[Exercise directions]
The exercise calls for exact output of the lines between the one that contains "Potomac River Throw" and the end of the data, with both ends kept and pictures left out.

[Information provided]
::::
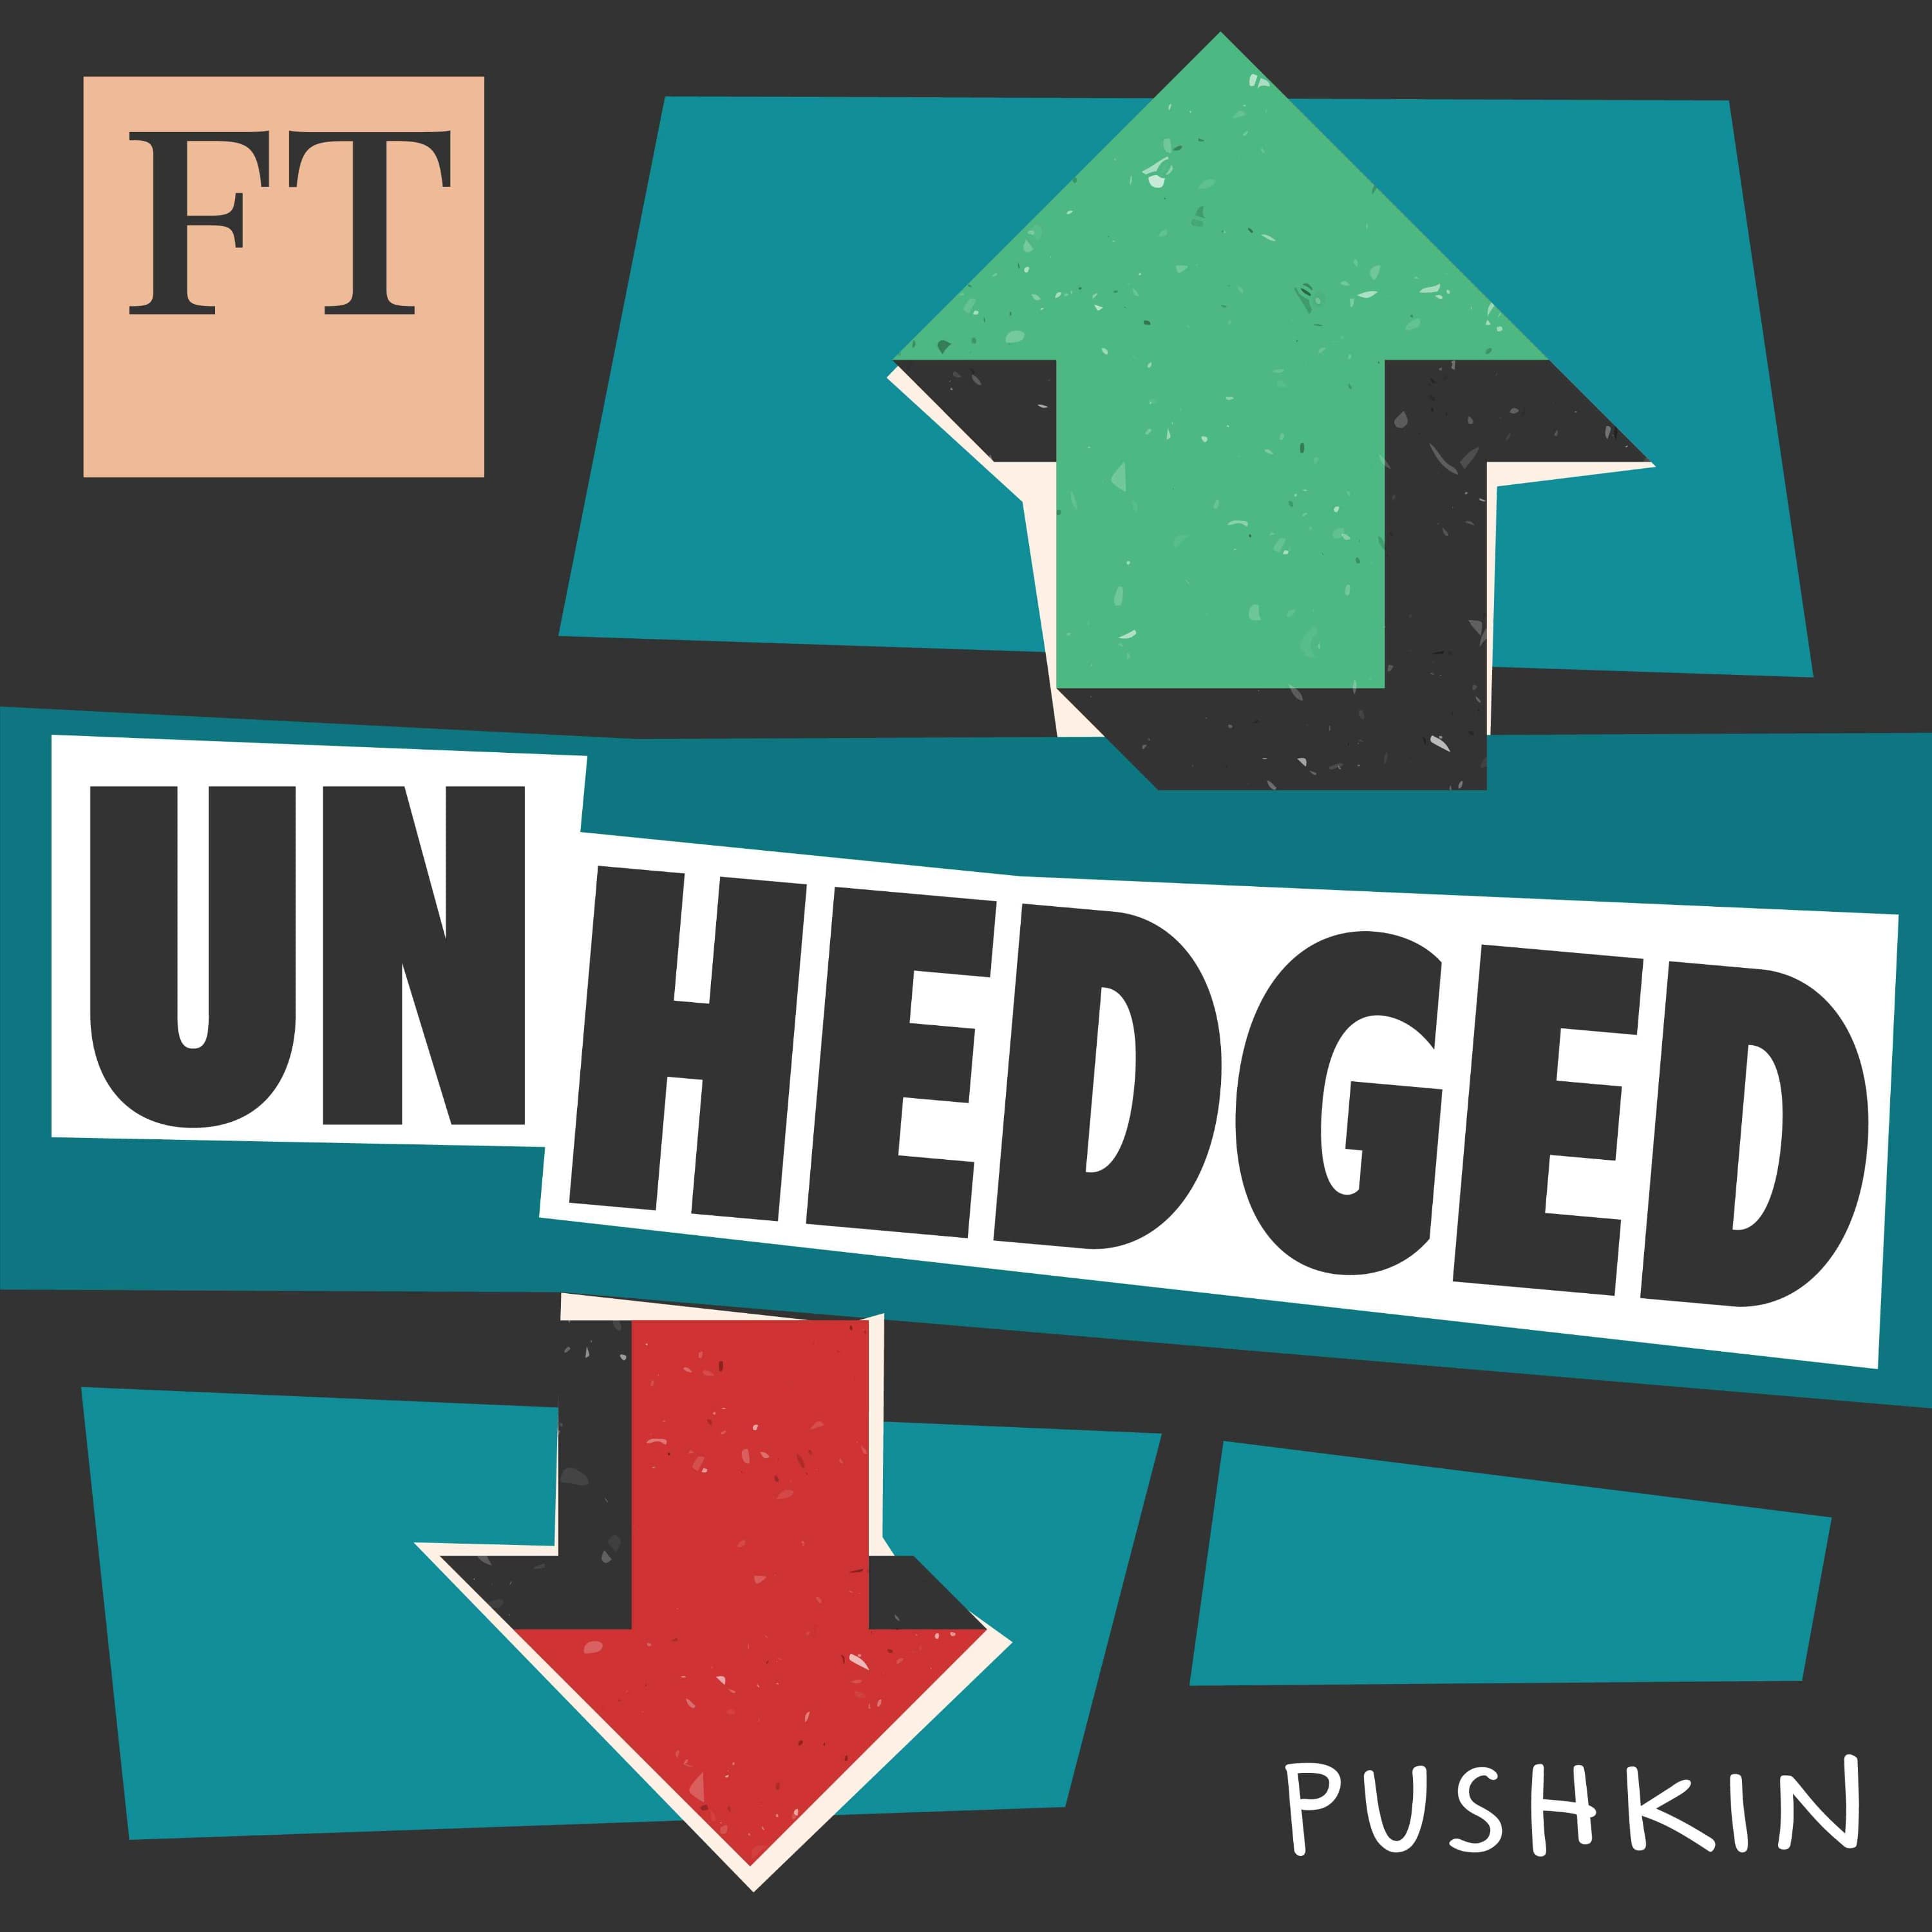 Unhedged: a new markets podcast from the FT - Financial Times
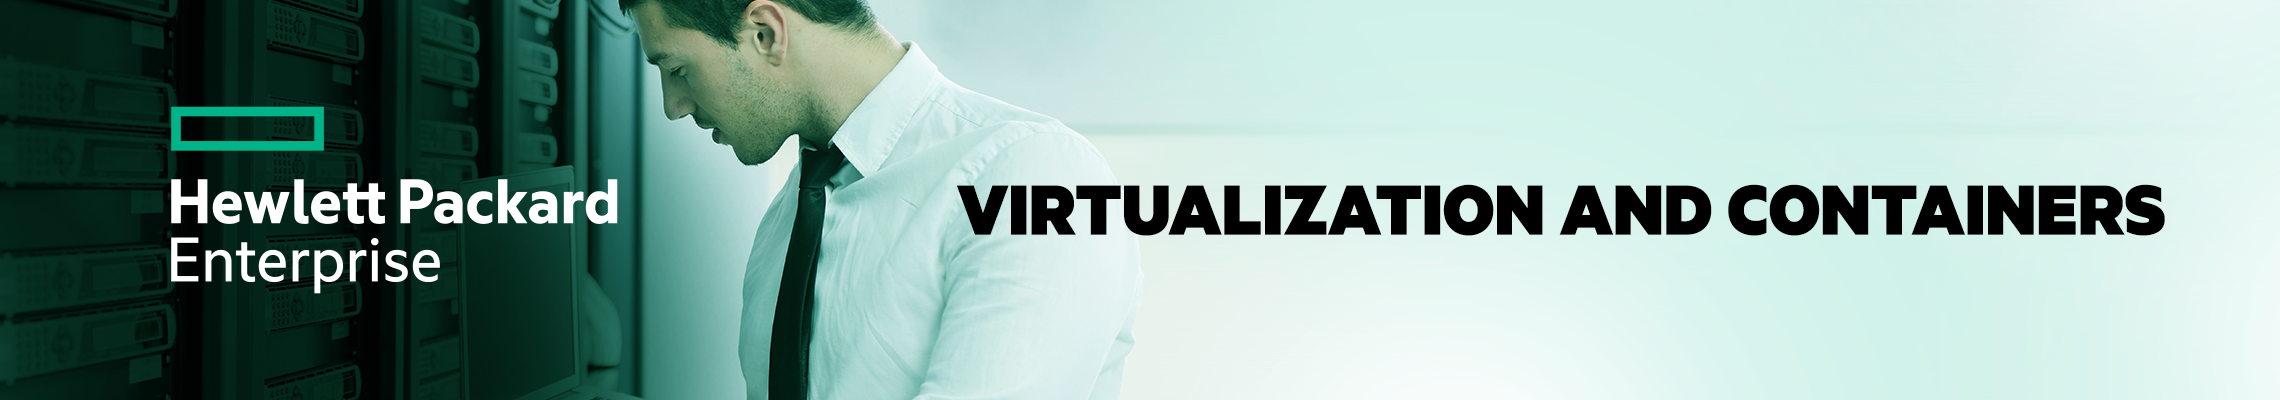 HPE Virtualization and Containers
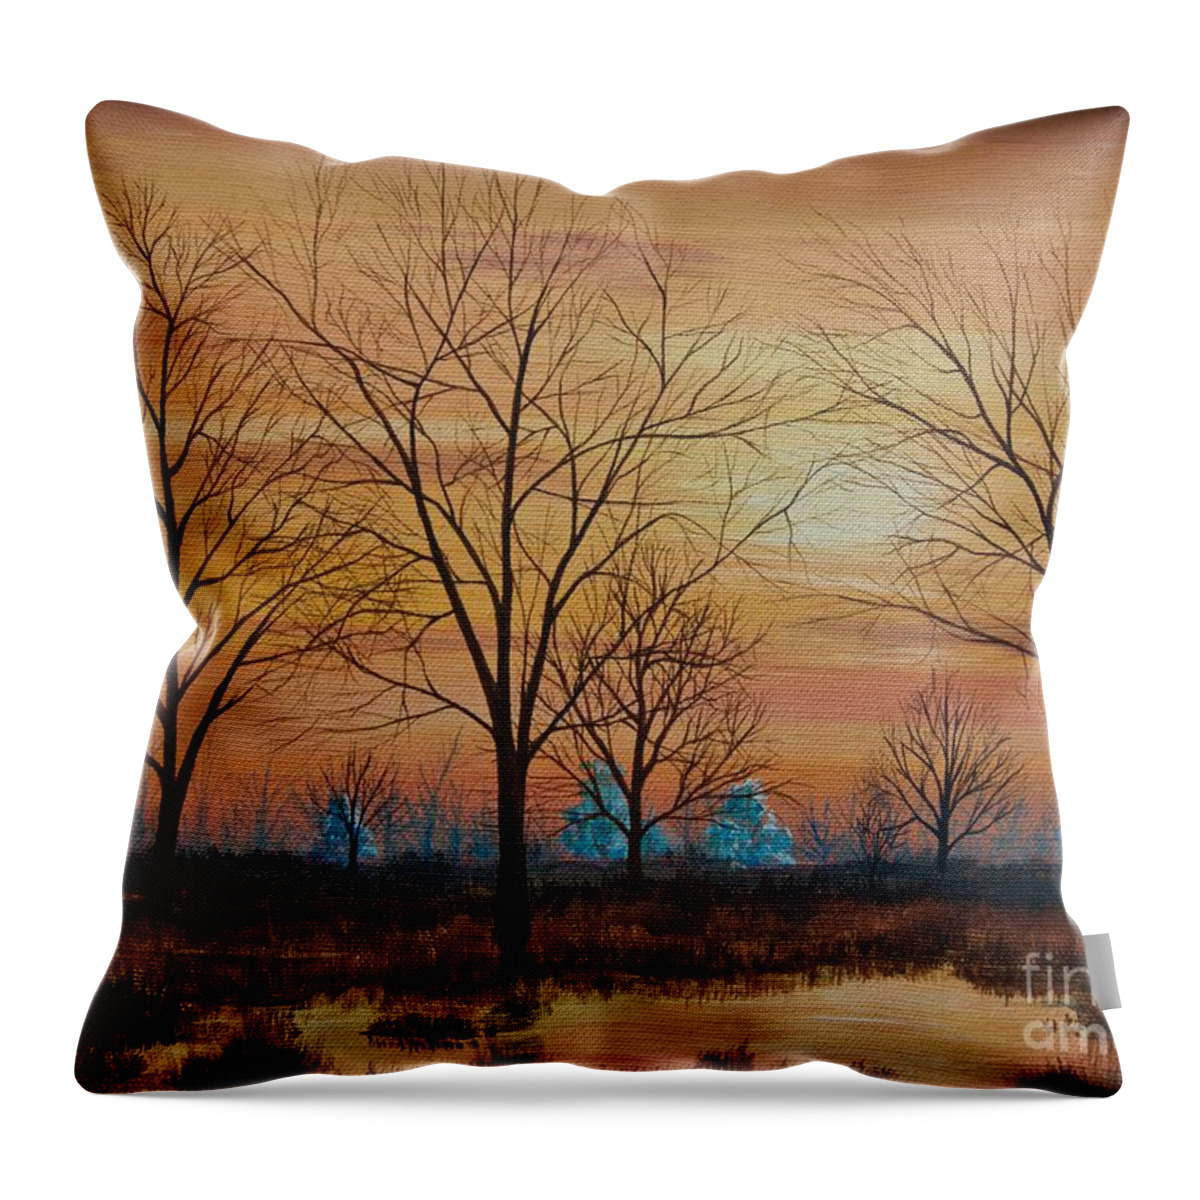 Potomac River Throw Pillow featuring the painting Patomac River Sunset by AnnaJo Vahle
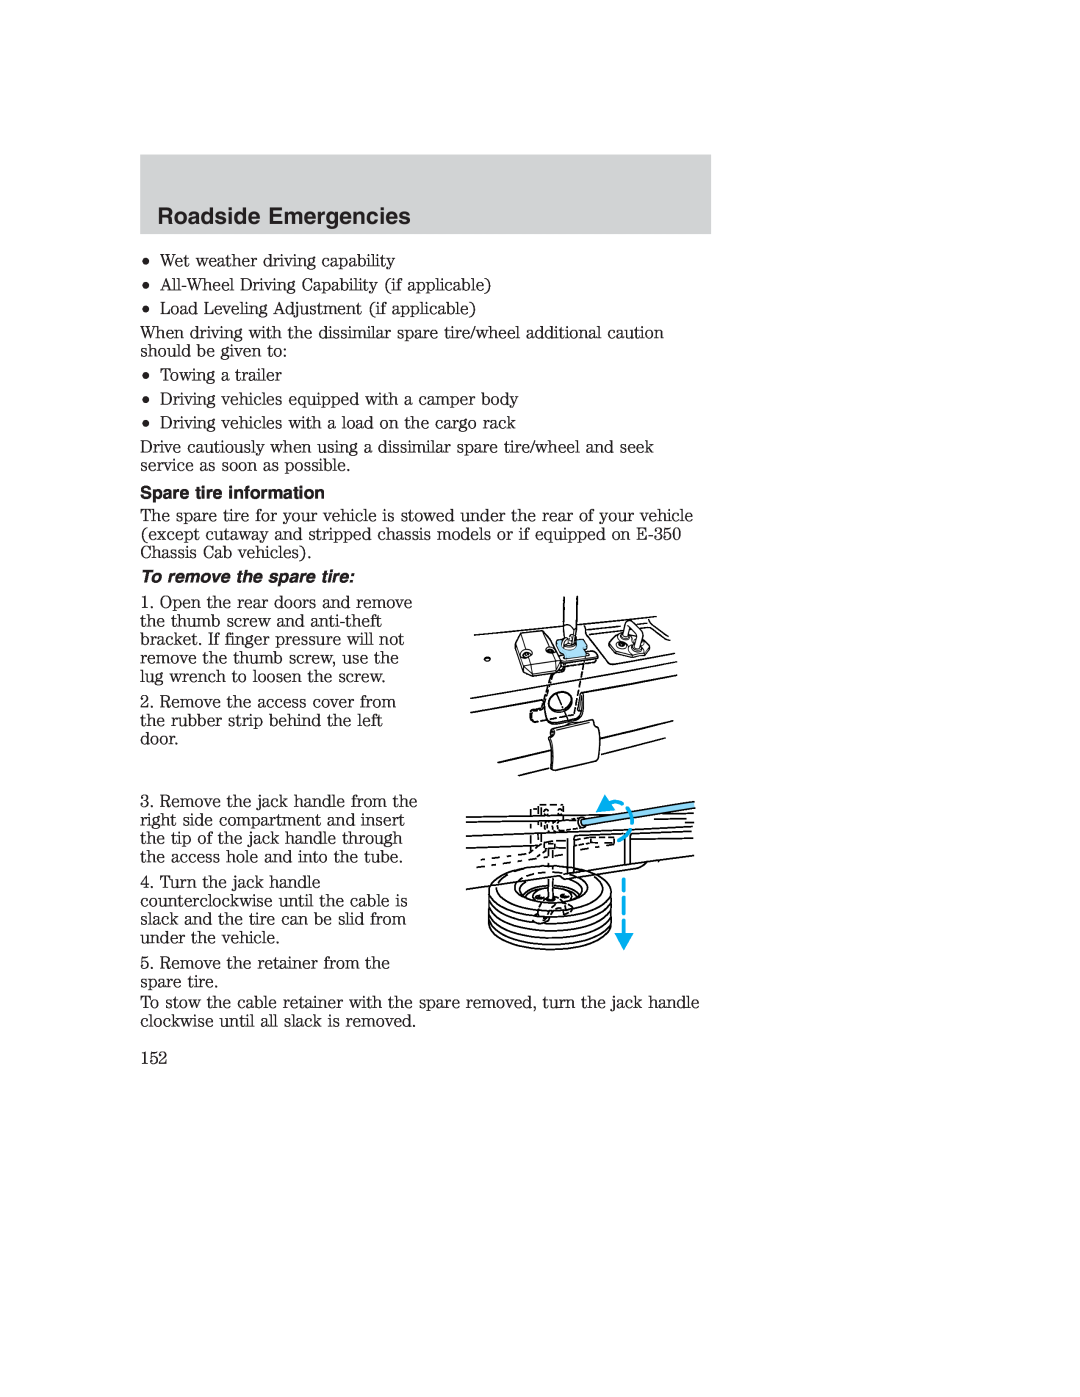 Ford AM/FM stereo manual Spare tire information, To remove the spare tire, Roadside Emergencies
::::
[Problem solution]
 Potomac River Throw Pillow featuring the painting Patomac River Sunset by AnnaJo Vahle
 Ford AM/FM stereo manual Spare tire information, To remove the spare tire, Roadside Emergencies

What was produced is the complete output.